■ WORK ORDER: Omit the pictures and return exactly the stretch of the material below from the line with "Brass twisted jar" through the line with "Please contact us for delivery details.".

■ DATA SHOWN:
----
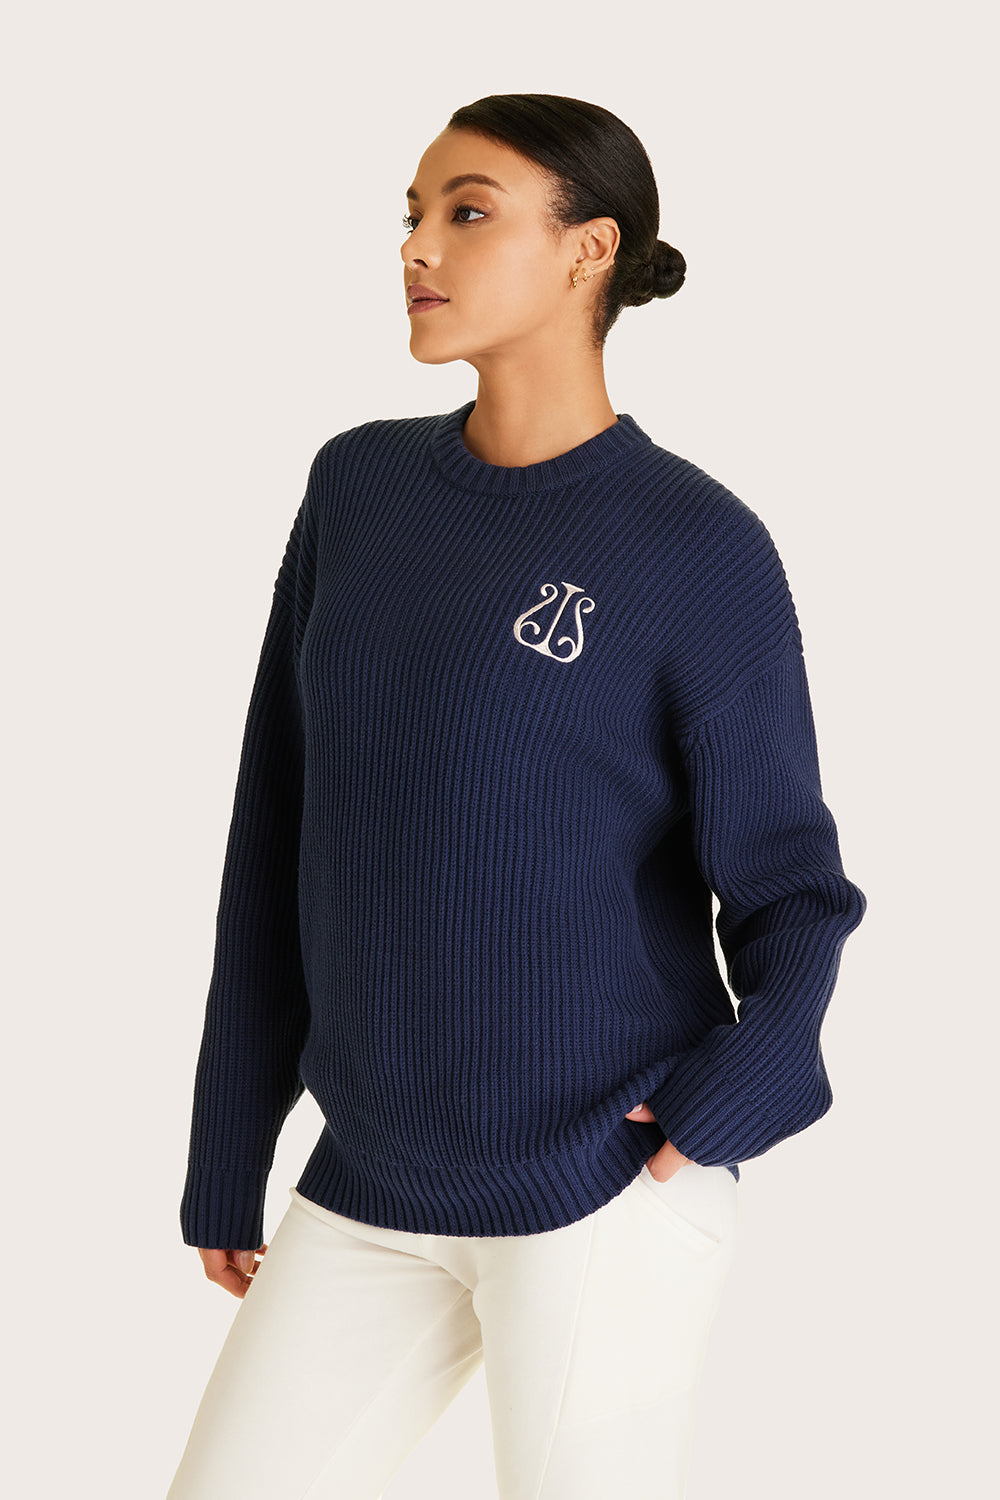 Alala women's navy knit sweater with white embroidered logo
----
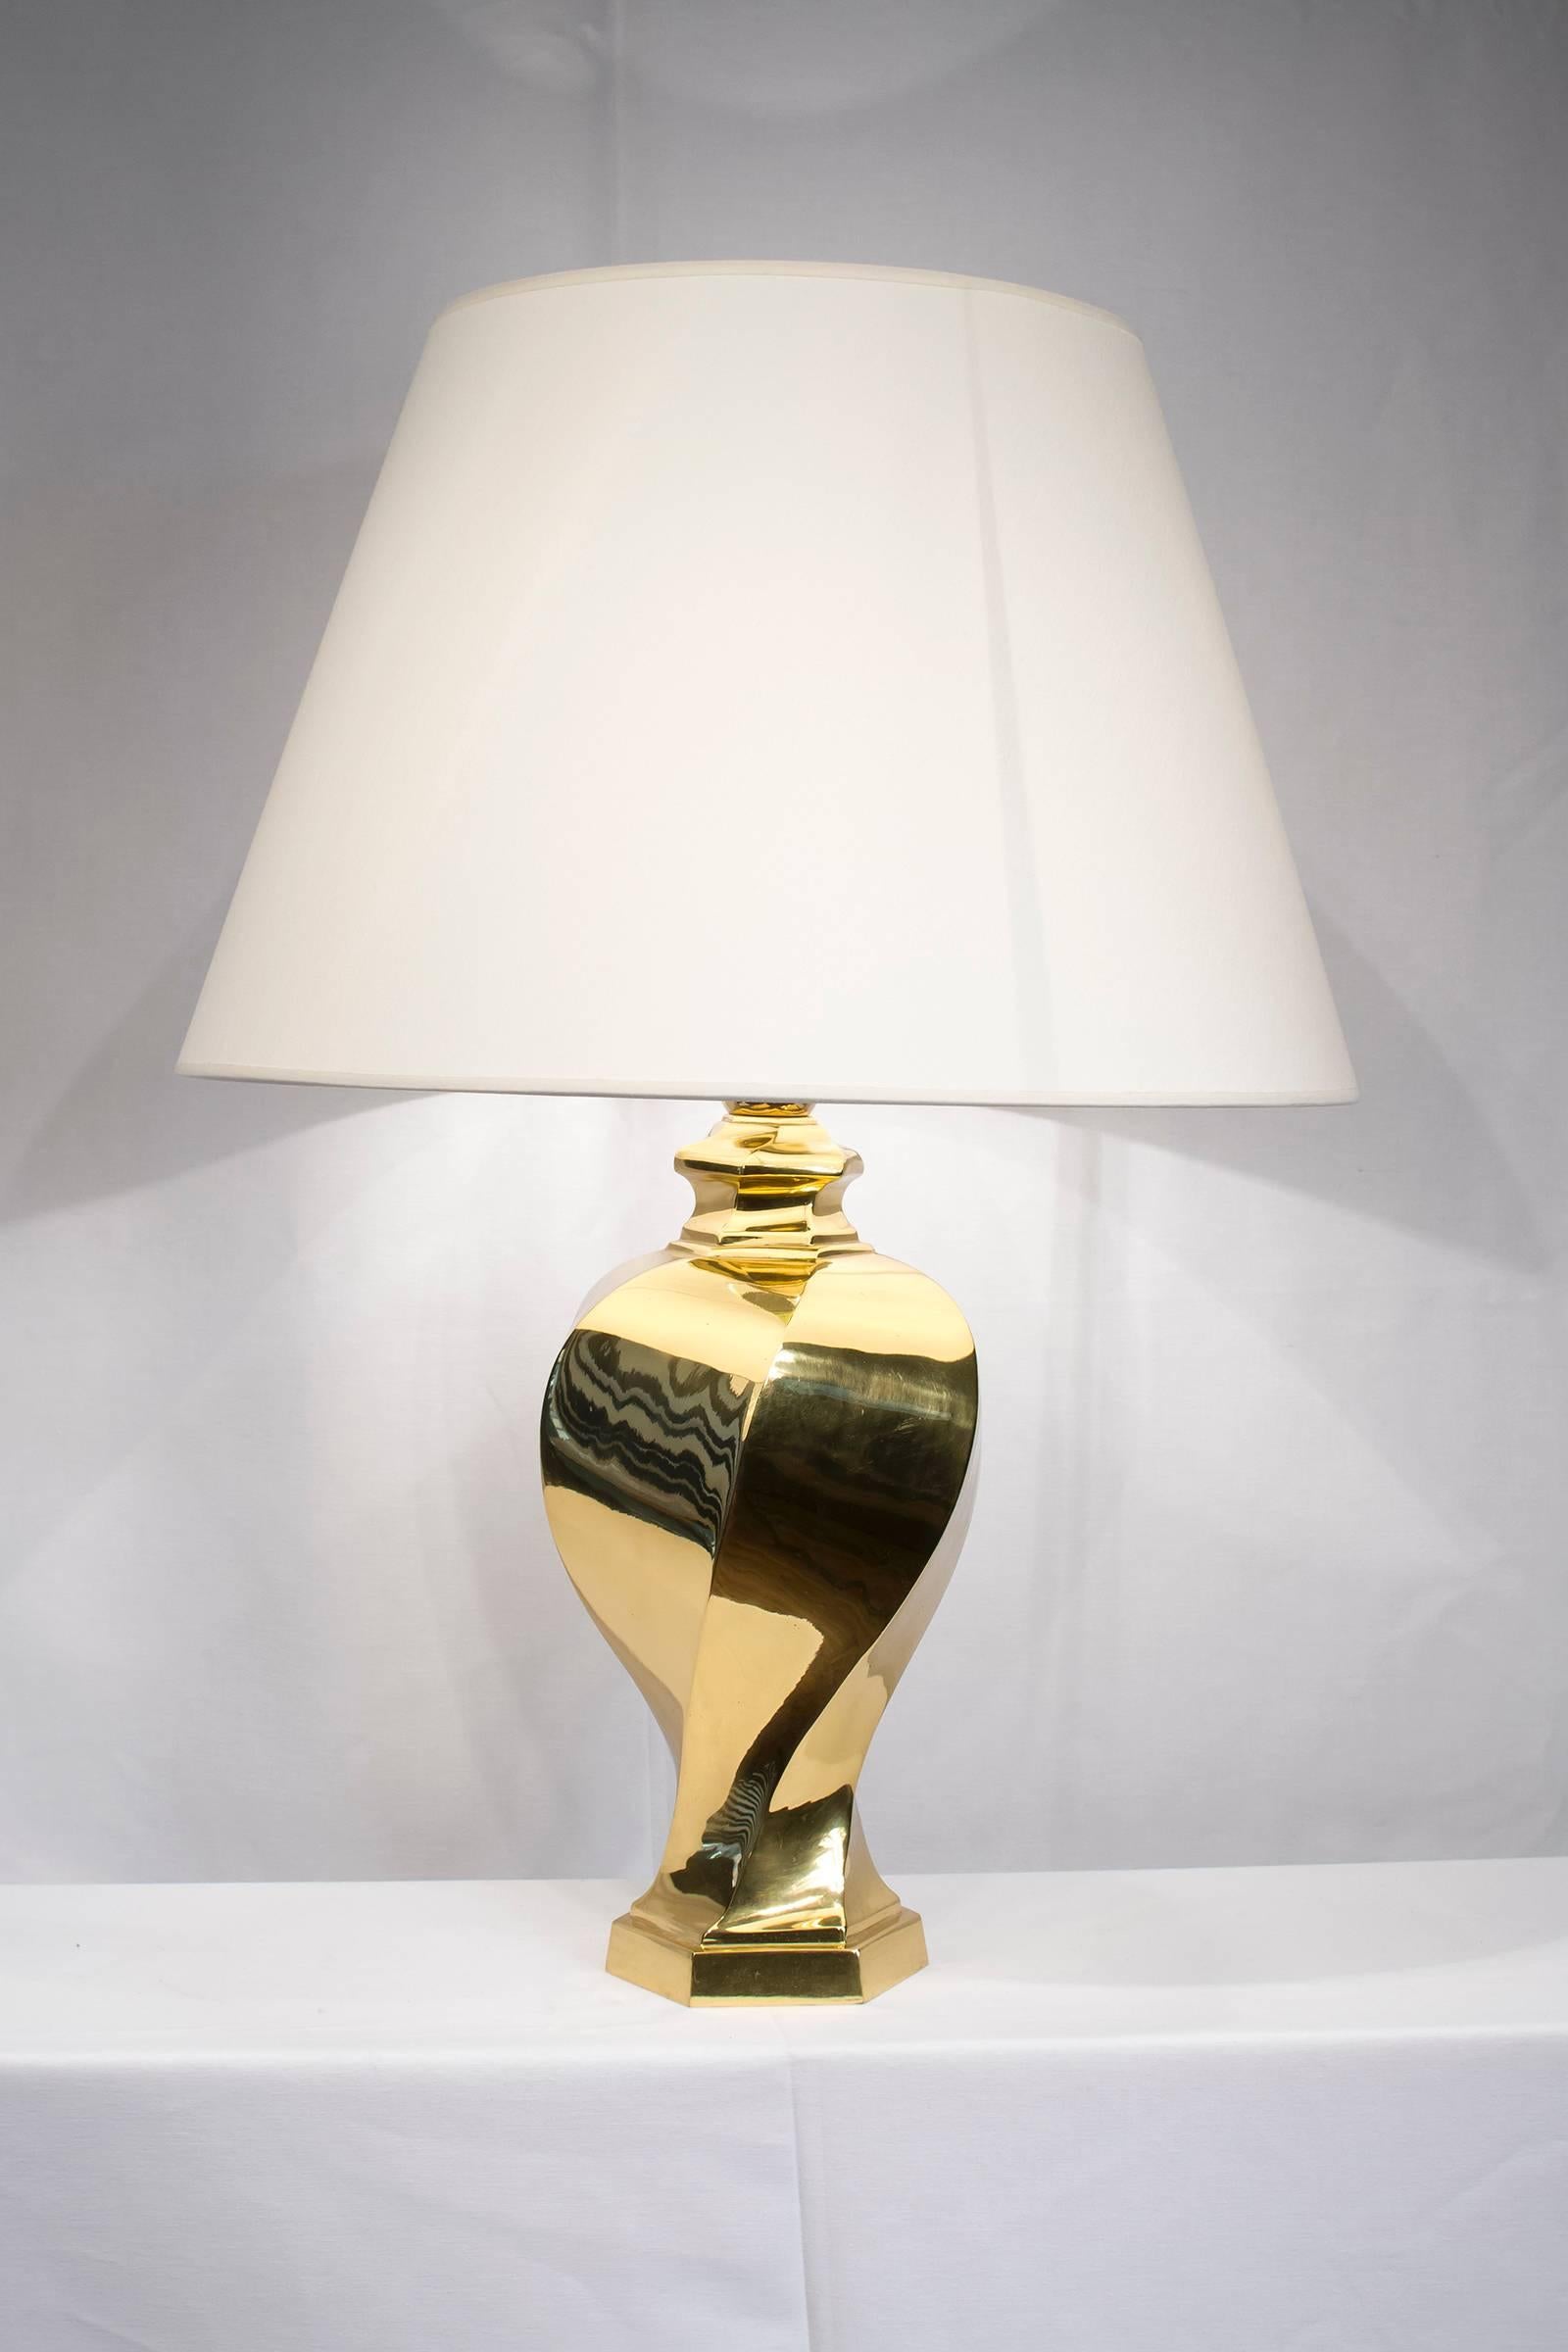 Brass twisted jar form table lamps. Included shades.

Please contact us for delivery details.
----
■ SOLUTION FOR THIS TASK:
 Brass twisted jar form table lamps. Included shades.

Please contact us for delivery details.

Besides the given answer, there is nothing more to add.